2022-02-17 18:43:35

by James Morse

[permalink] [raw]
Subject: [PATCH v3 16/21] x86/resctrl: Pass the required parameters into resctrl_arch_rmid_read()

resctrl_arch_rmid_read() is intended as the function that an
architecture agnostic resctrl filesystem driver can use to
read a value in bytes from a hardware register. Currently the function
returns the MBM values in chunks directly from hardware.

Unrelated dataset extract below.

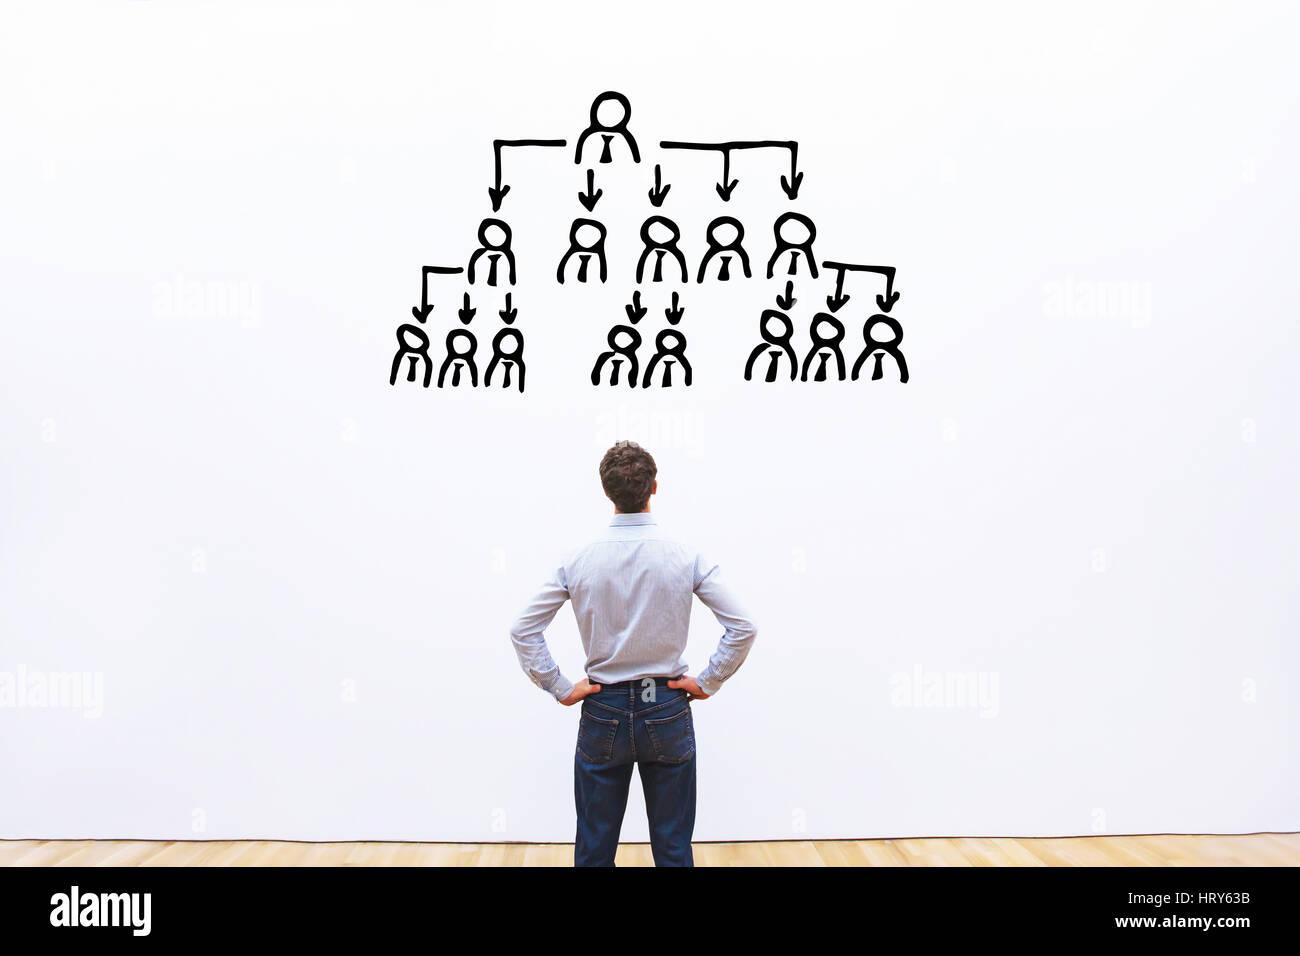 Concepto de delegación, CEO de delegar tareas a los empleados de la empresa Imagen De Stock
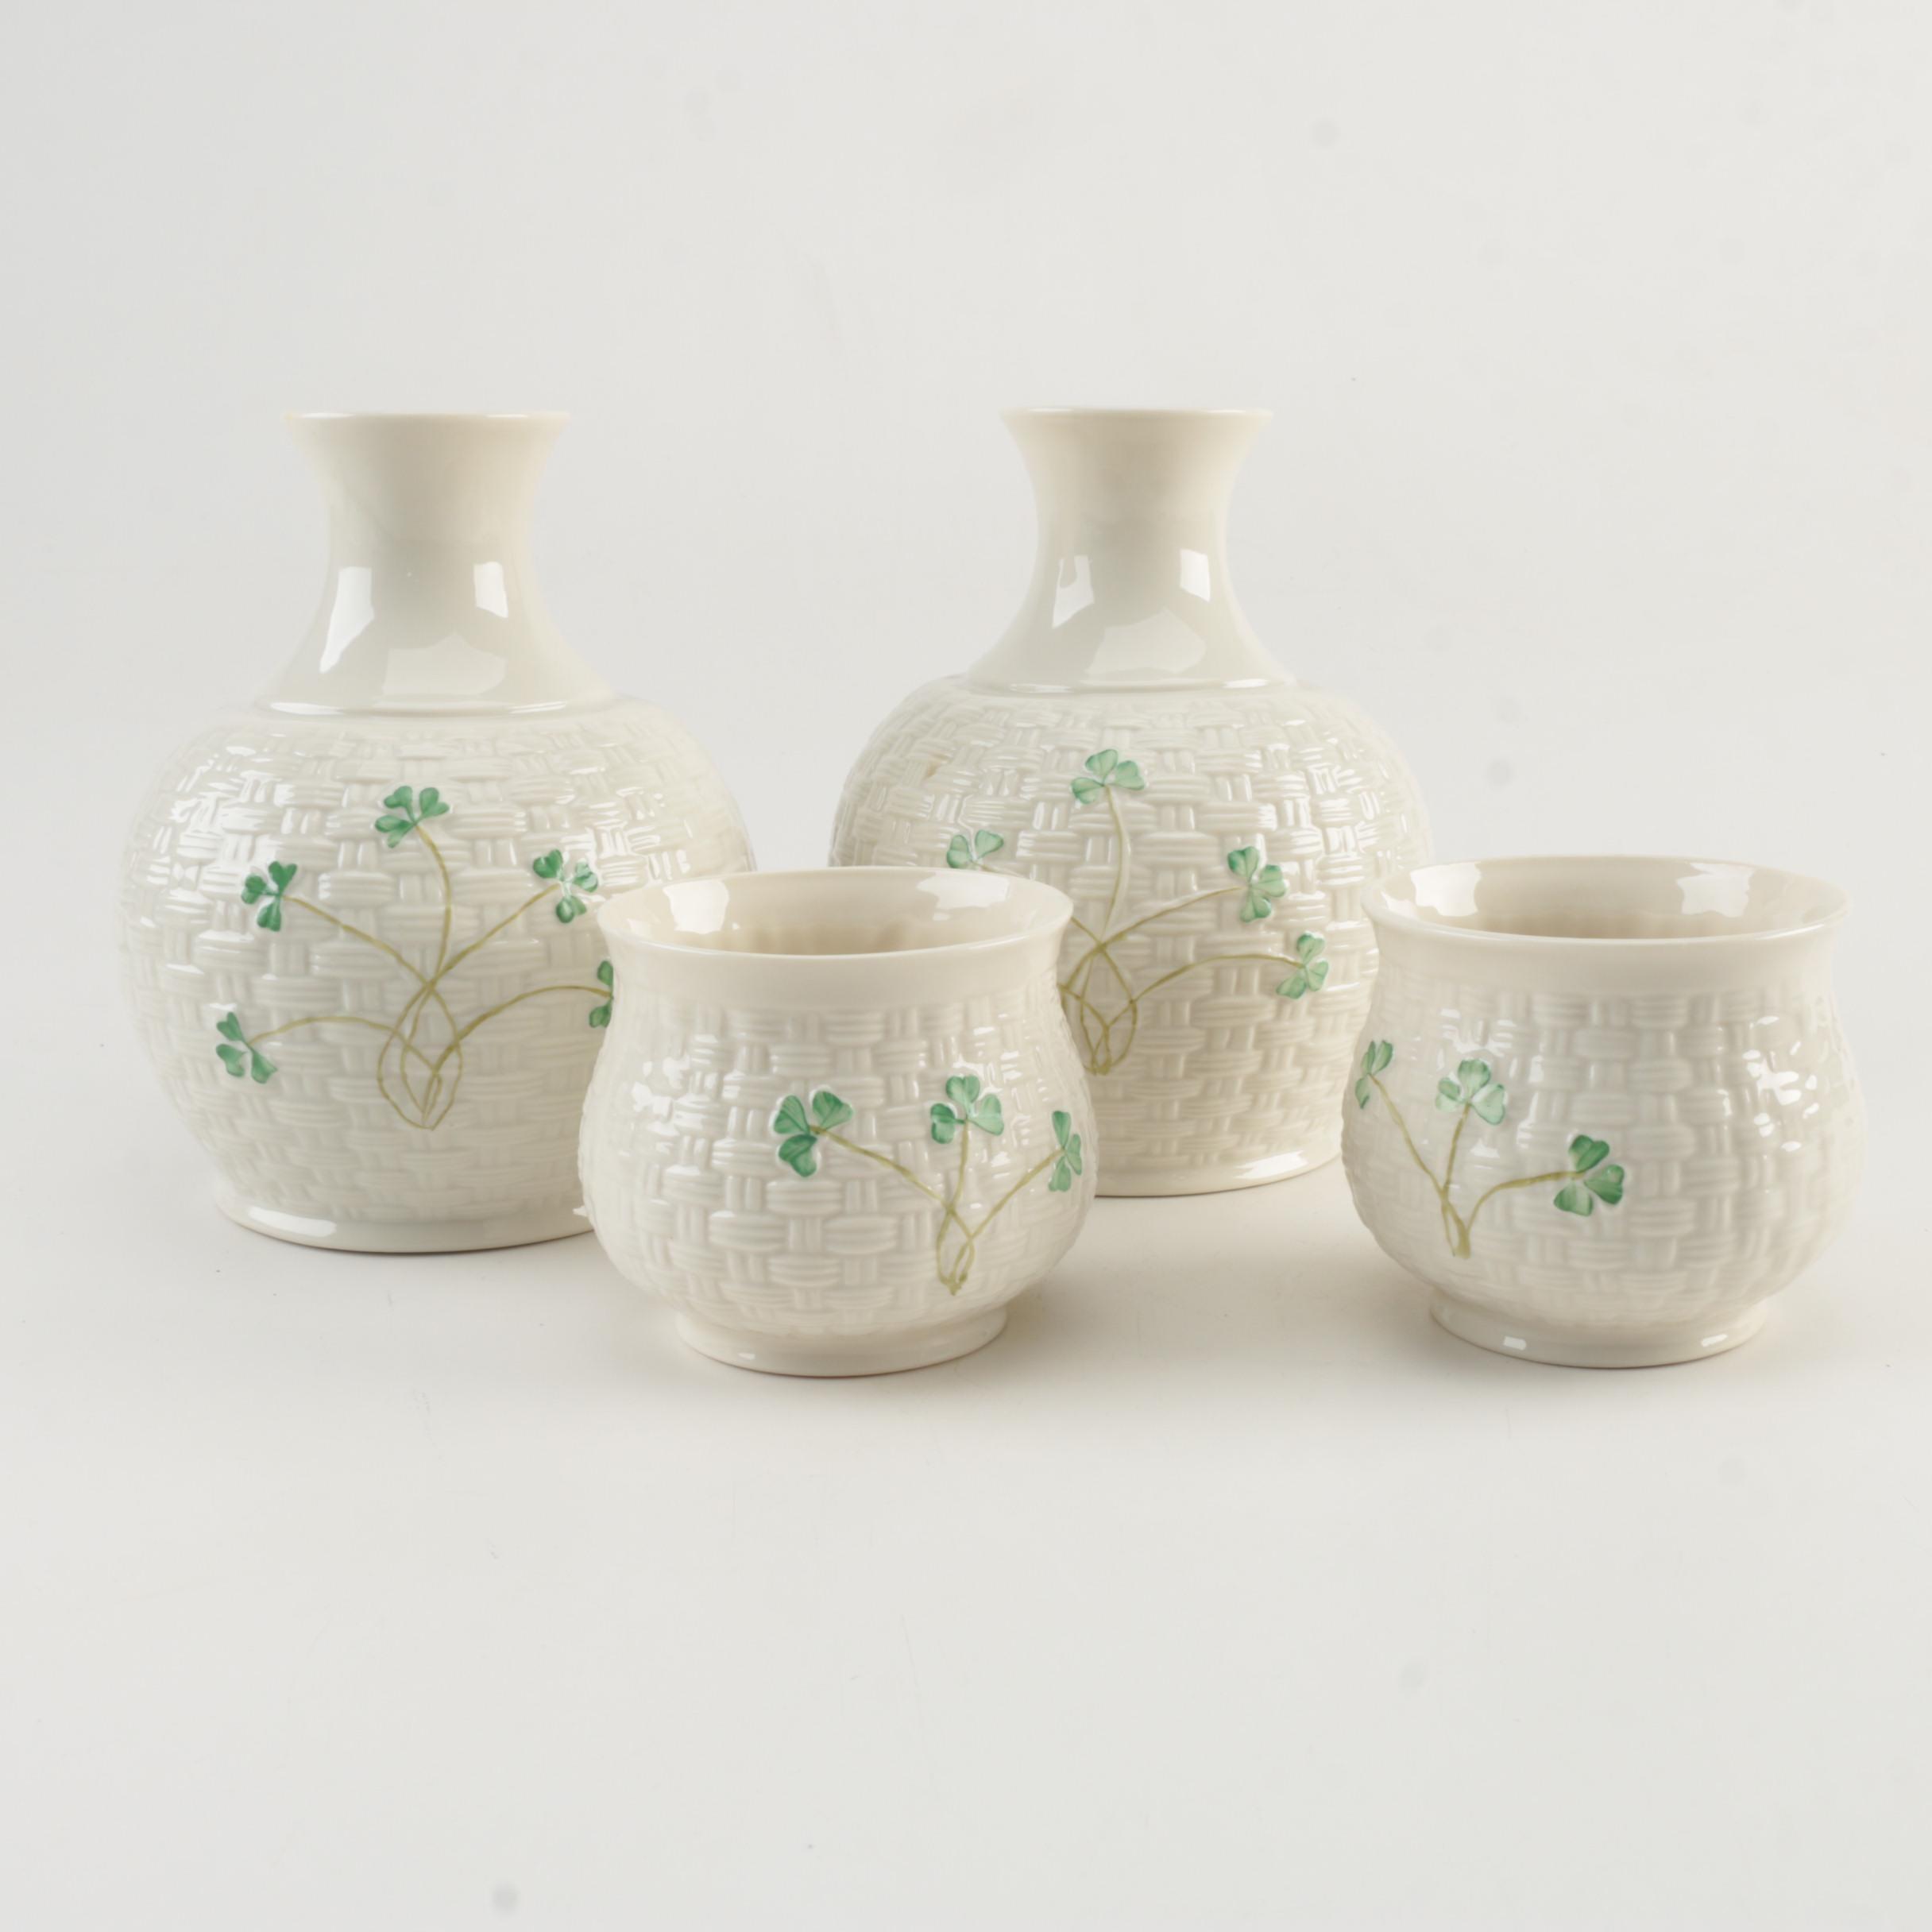 Belleek Porcelain Bedside Carafes and Cups

To convert this to bytes, some correction and overflow calculations
are needed. These depend on the resource and domain structures.
Overflow detection requires the old chunks value. None of this
is available to resctrl_arch_rmid_read(). MPAM requires the
resource and domain structures to find the MMIO device that holds
the registers.

Pass the resource and domain to resctrl_arch_rmid_read(). This make
rmid_dirty() too big, instead merge it with its only caller, the name is
kept as a local variable.

Signed-off-by: James Morse <[email protected]>
---
Changes since v2:
* Typos.
* Kerneldoc fixes.

This is all a little noisy for __mon_event_count(), as the switch
statement work is now before the resctrl_arch_rmid_read() call.
---
arch/x86/kernel/cpu/resctrl/monitor.c | 31 +++++++++++++++------------
include/linux/resctrl.h | 16 +++++++++++++-
2 files changed, 32 insertions(+), 15 deletions(-)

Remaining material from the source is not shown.